Después de haber dado de comer a la muchedumbre con la multiplicación de los panes frente al lago de Tiberíades, Jesús se había retirado de incógnito a la otra orilla, en la región de Cafarnaún, para escapar de la gente que quería proclamarlo rey. Sin embargo, muchos igualmente se pusieron a buscarlo y lo alcanzaron. Pero él no aceptó ese entusiasmo demasiado interesado. Ellos habían comido el pan milagroso, pero se quedaron en las meras ventajas materiales sin percibir el significado profundo de ese pan que manifiesta en Jesús al enviado del Padre, el que da la verdadera vida al mundo. Vieron en él solamente a un taumaturgo, un Mesías terrenal, capaz de darles alimento material en abundancia y a buen precio. En ese contexto, Jesús les dice: “Trabajen no por el alimento perecedero, sino por el que permanece hasta la Vida eterna, el que les dará el Hijo del hombre”.

El “alimento no perecedero” es la persona misma de Jesús y también su enseñanza, porque la enseñanaza de Jesús se identifica con su persona. Al leer después, más adelante, otras palabras de Jesús se advierte que ese “pan que no perece” es también el cuerpo eucarístico de Jesús. Por lo tanto, puede decirse que el “pan que no perece” es la persona de Jesús que se nos entrega en su Palabra y en la Eucaristía.

La imagen del pan aparece a menudo en la Biblia, como también la del agua. Pan y agua representan los alimentos primarios, indispensables para la vida del hombre. Al aplicar a sí mismo la imagen del pan, Jesús quiere decirnos que su persona y su enseñanza son indispensables para la vida espiritual del hombre, tal como lo es el pan para la vida del cuerpo.

El pan material es ciertamente necesario.
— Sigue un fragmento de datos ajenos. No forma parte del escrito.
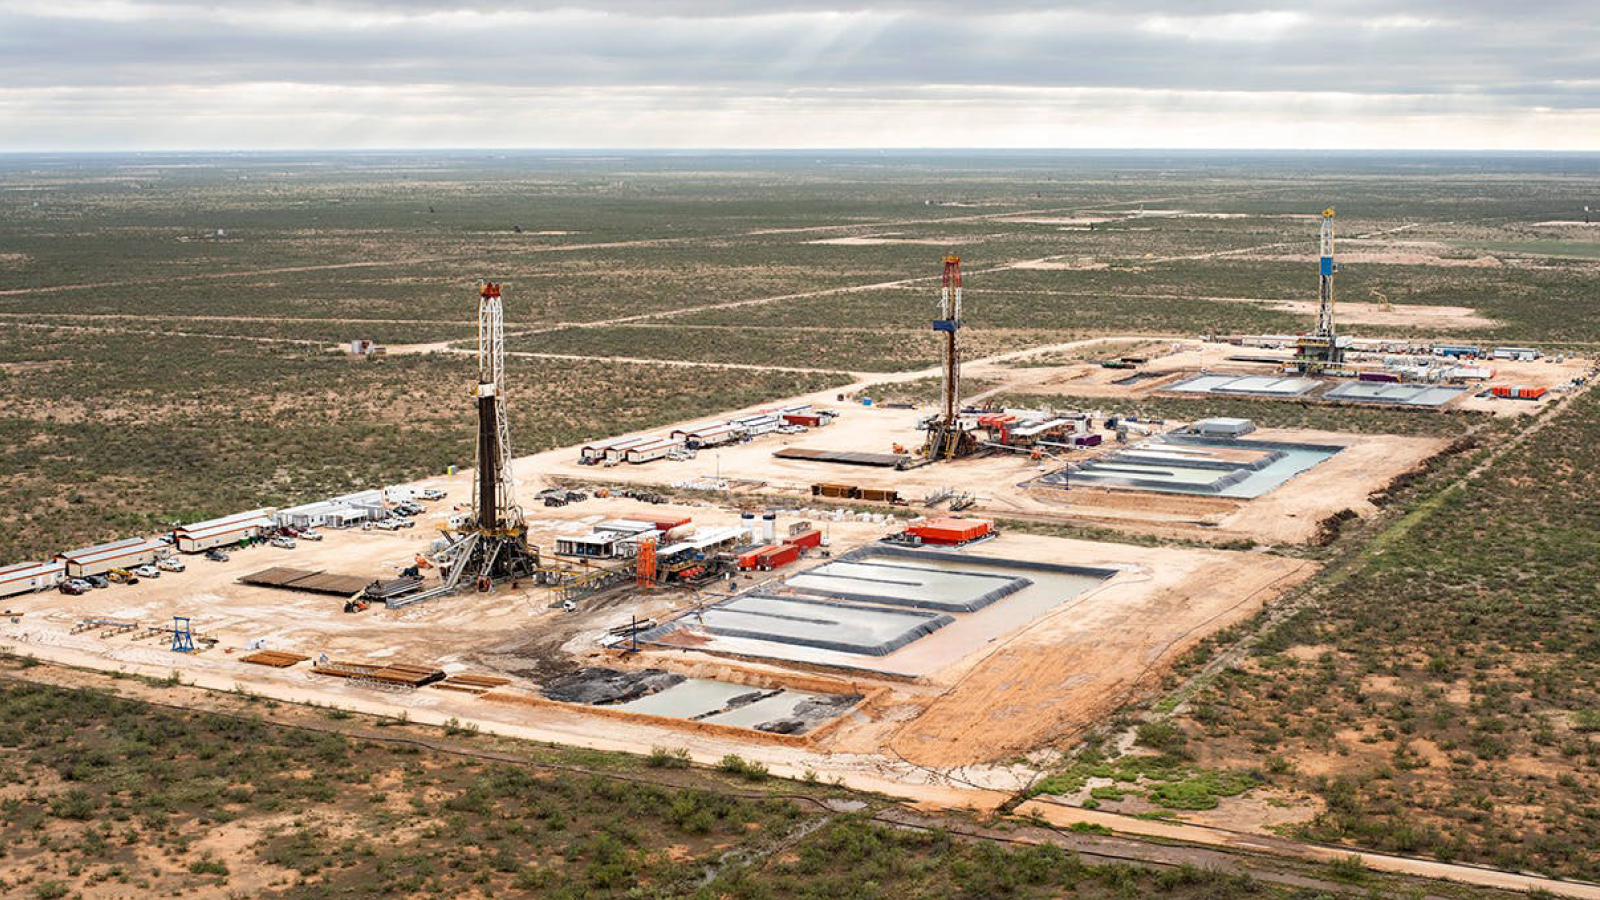 Permian Lodging bolsters oil and gas production in West Texas by supporting major energy ventures in the Permian Basin

Jesús mismo realiza el milagro de la multiplicación para la muchedumbre. Pero ese pan solo no alcanza. El hombre lleva en sí –acaso sin darse cuenta del todo– un hambre de verdad, de justicia, de bondad, de amor, de pureza, de luz, de paz, de alegría, de infinito y eterno, que nada en el mundo está en condiciones de satisfacer. Jesús se propone como el único capaz de saciar el hambre interior del hombre.

Pero al presentarse como el “pan de vida”, no se limita a afirmar la necesidad de nutrirse de él, de creer en sus palabras para tener la vida eterna; sino que quiere impulsarnos a hacer la experiencia de él. En efecto, con sus palabras: “trabajen por el alimento que no perece” pronuncia una apremiante invitación. Dice que es necesario esforzarse, llevar a cabo todo lo necesario para obtener este alimento. Jesús no se impone, quiere ser descubierto, experimentado.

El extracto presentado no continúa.